Now I _could_ do that, although it would take a lot of time and the review
would be less productive. But it would mean that the code is still hard to
understand and hence hard to maitain. A much better outcome would be for
you to properly document it. That will result in more efficient review,
more effective review and better code.
No?
So please. Go through all the code and make it tell a story. Ask yourself
"how would I explain all this to a kernel developer who is sitting next to
me". It's important, and it's an important skill.

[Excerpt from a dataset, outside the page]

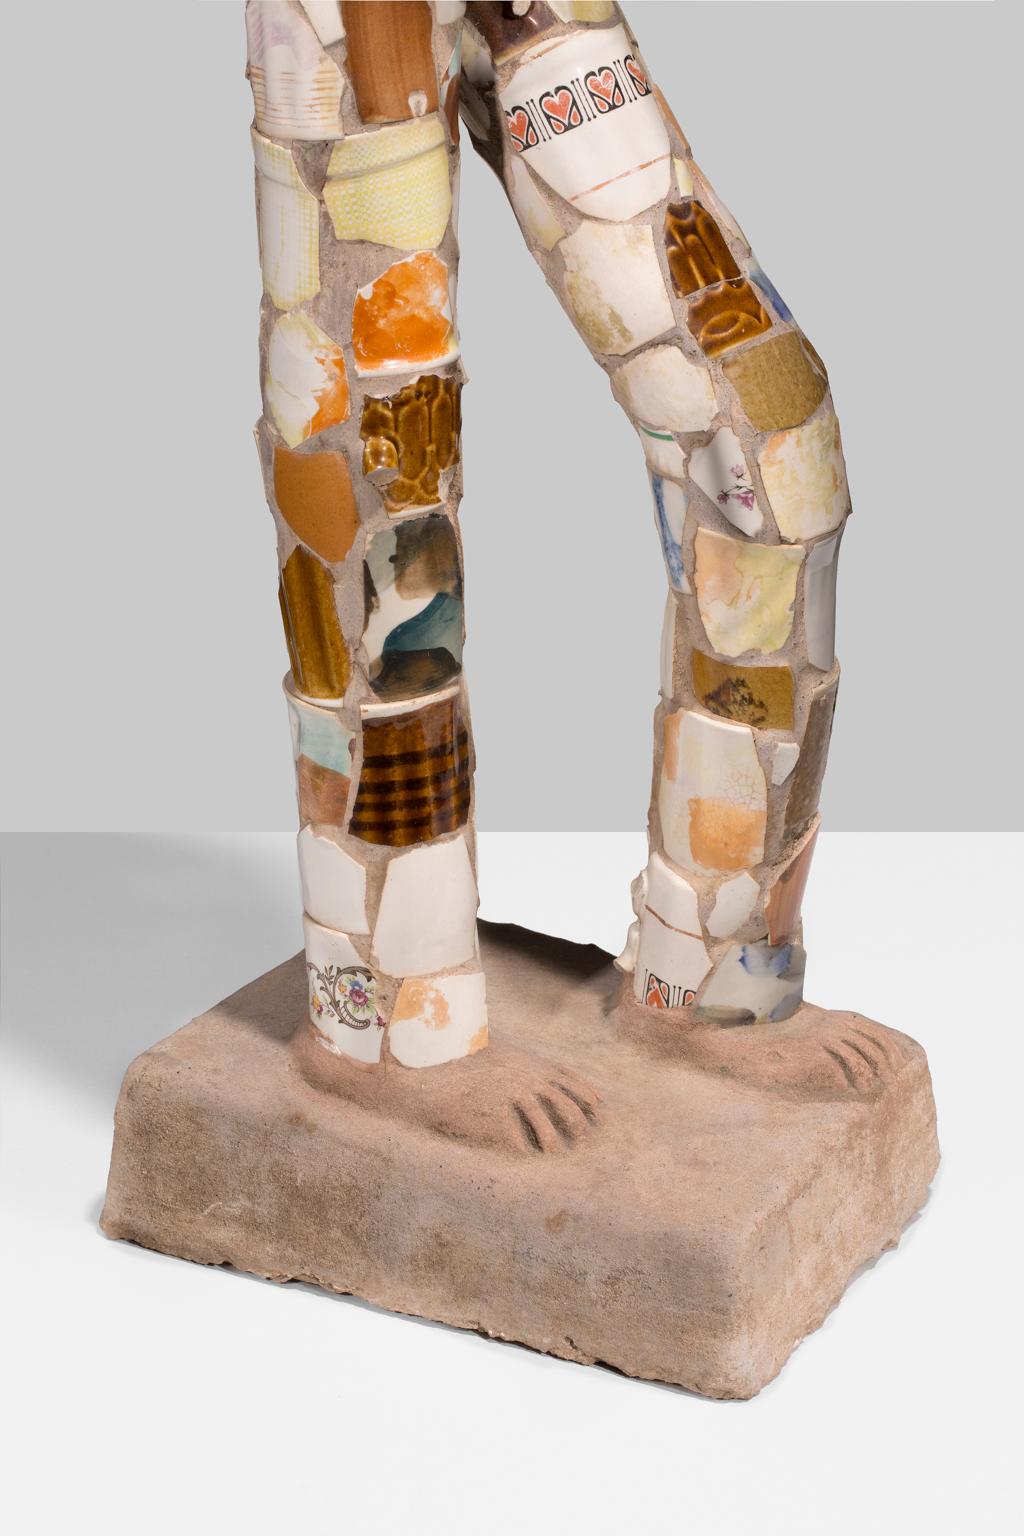 This mixed media standing figure is an outstanding example of the work of Indian artist Nek Chand. Made of various materials strew about our world, Chand constructions a three-dimensional man from the things we leave behind and the things we

The means by which the code's memory allocation is "bulletproof" should be
fully described in changelog comments so that those who are working on this
sort of thing can check your homework, please.
I assume all this code adds some sort of userspace<->kernel interface.
That should be documented in the kernel tree, so we can review it.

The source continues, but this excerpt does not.